Voila! Now we have a PythonRDD of features that was generated via the Java feature generation code.

Model Training with Distributed XGBoost on Spark

We use MLFlow-tracking to track and log our model training runs. This provides us with a lot of visibility into our model training metrics, an easy way of logging and visualizing hyperparameters and even sharing the model-training reports. Another cool feature of MLFlow-tracking is the ability to query the model-training runs and retrieve the best models based on metrics. We leverage this feature to automate our evaluation and monitoring pipelines.

To train our ads targeting models, we heavily rely on XGBoost. However, distributed training with XGBoost on Spark took some work to accomplish. Since the official library (version <= 0.9) doesn’t provide a Python/PySpark interface, we wrote our own wrapper on top of XGBoost4J-Spark. We also implemented a SparseVectorAssembler instead of using the VectorAssembler provided by Spark, since the default implementation doesn’t integrate well with XGBoost on Spark (issues dealing with missing values). Another limitation of XGBoost on Spark is that it’s not as fault-tolerant as native Spark algorithms. This becomes an issue when trying to use AWS Spot instances for model training, since at times when the spot instances became unavailable, the training job dies. Thus, we created a separate pool of on-demand resources to carry out large-scale distributed training with XGBoost on Spark.

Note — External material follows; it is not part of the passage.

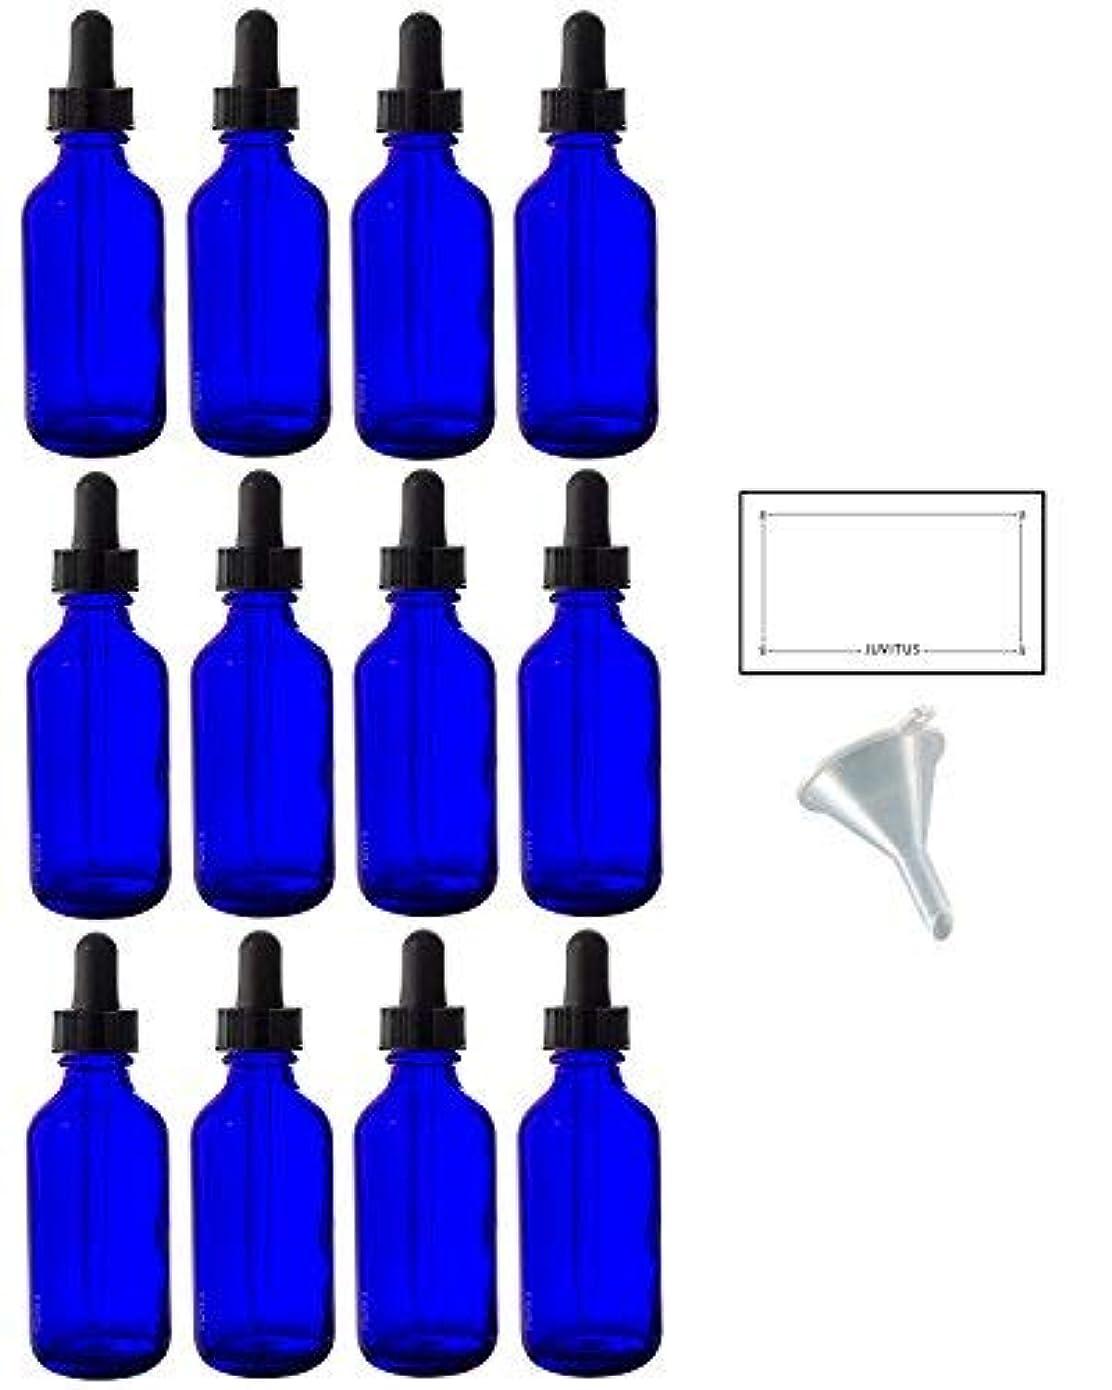 もっと少なく余裕がある然とした2 oz Cobalt Blue Glass Boston Round Dropper Bottle (12 pack) + Funnel and Labels for essential oils, aromatherapy...

Automated Retraining, Monitoring, and Alerting

We use Yelp’s Tron scheduler to schedule our batch processing jobs. The entire new pipeline is scheduled via Tron, where log-processing and feature generation batches run daily and model-training runs every few days. Through running A/B experiments, we’ve observed that pure retraining of models with newer data leads to ~1% improvement in our primary metric, which then compounds over time.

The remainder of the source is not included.